## ACTION ITEM
Would you transcribe the listing that follows, character for character, and omit its images?

** SUPPLIED MATERIAL follows **

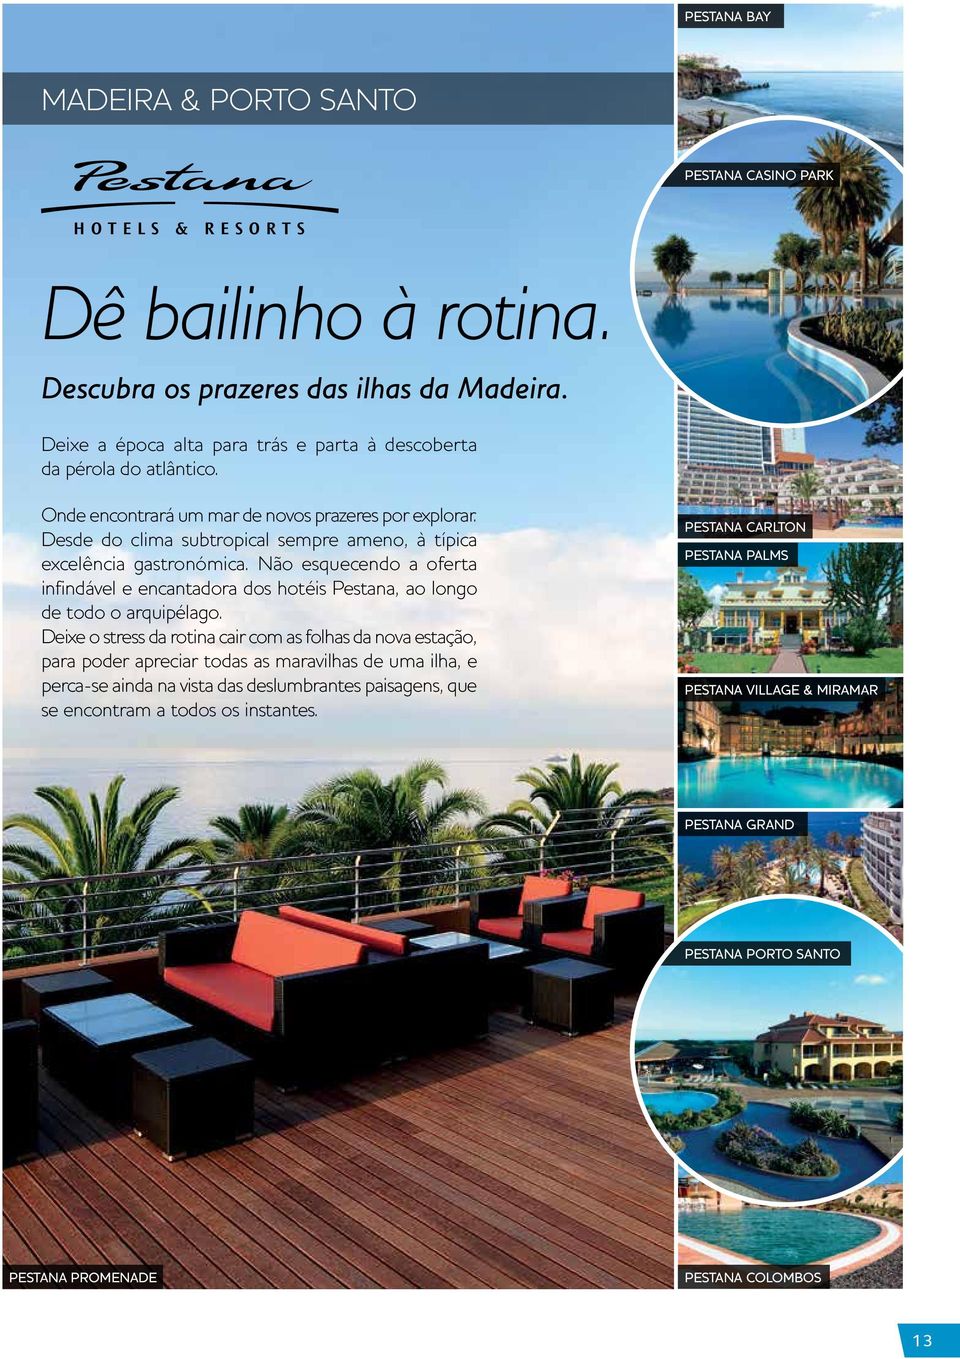 Não esquecendo a oferta infindável e encantadora dos hotéis Pestana, ao longo de todo o arquipélago.
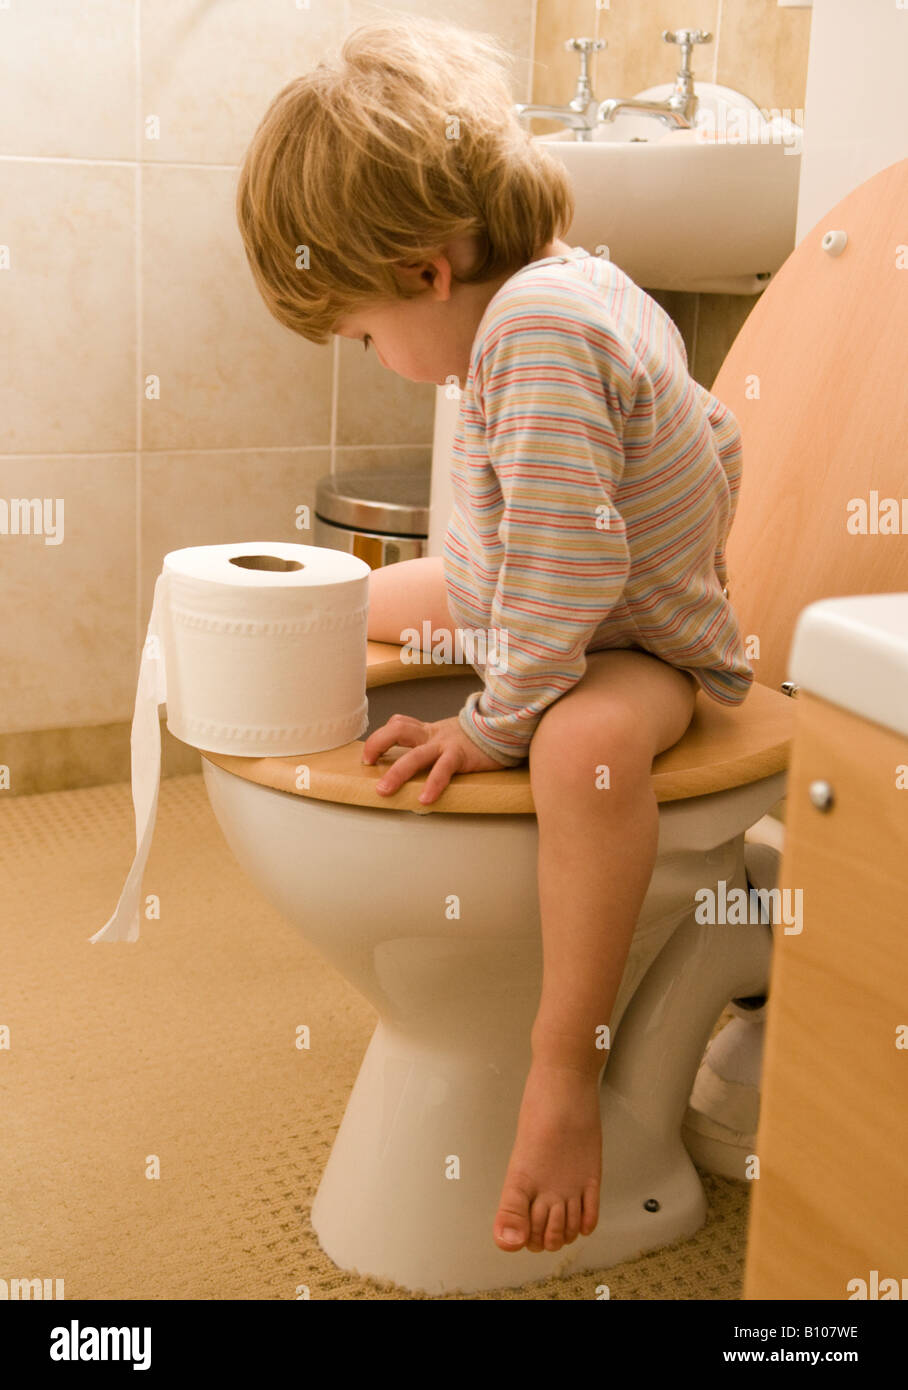 Kleines Kind, Junge, lernt, die Toilette zu benutzen, Klo, sitzt auf dem Sitz und hält eine Papierrolle, 27 Monate alt Stockfoto
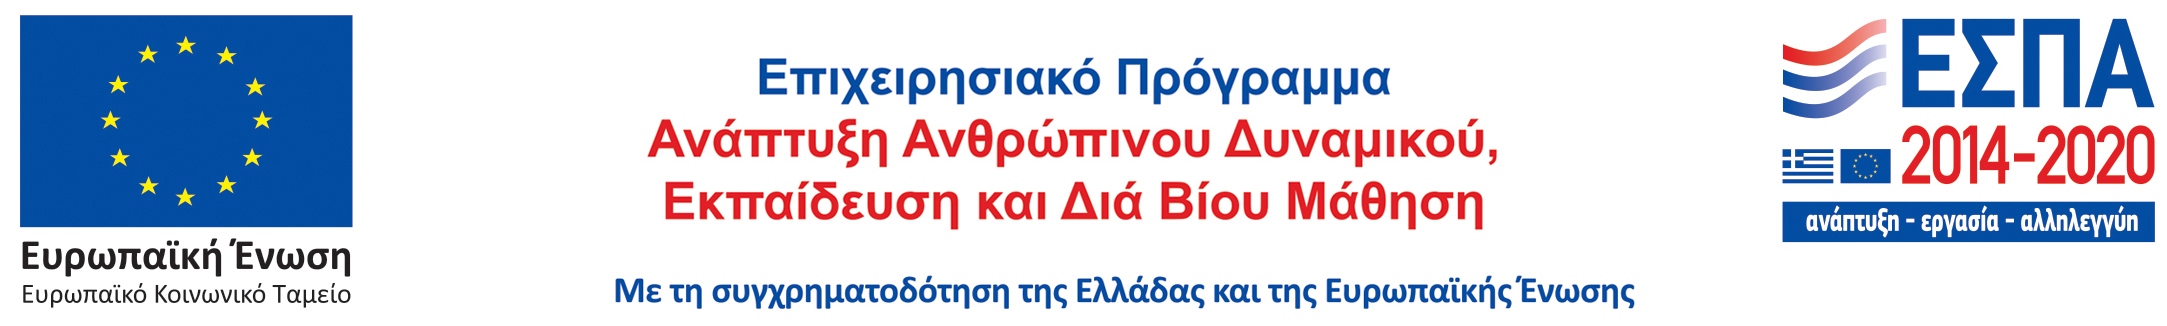 Επιχειρησιακό Πρόγραμμα Ανάπτυξη Ανθρωπίνου Δυναμικού, Εκπαίδευση και Δια Βίου Μάθηση. Με τη συγχρηματοδότηση της Ελλάδας και της Ευρωπαϊκής Ένωσης

** End of SUPPLIED MATERIAL **

## TASK OUTPUT
 Não esquecendo a oferta infindável e encantadora dos hotéis Pestana, ao longo de todo o arquipélago.
 Kleines Kind, Junge, lernt, die Toilette zu benutzen, Klo, sitzt auf dem Sitz und hält eine Papierrolle, 27 Monate alt Stockfoto
 Επιχειρησιακό Πρόγραμμα Ανάπτυξη Ανθρωπίνου Δυναμικού, Εκπαίδευση και Δια Βίου Μάθηση. Με τη συγχρηματοδότηση της Ελλάδας και της Ευρωπαϊκής Ένωσης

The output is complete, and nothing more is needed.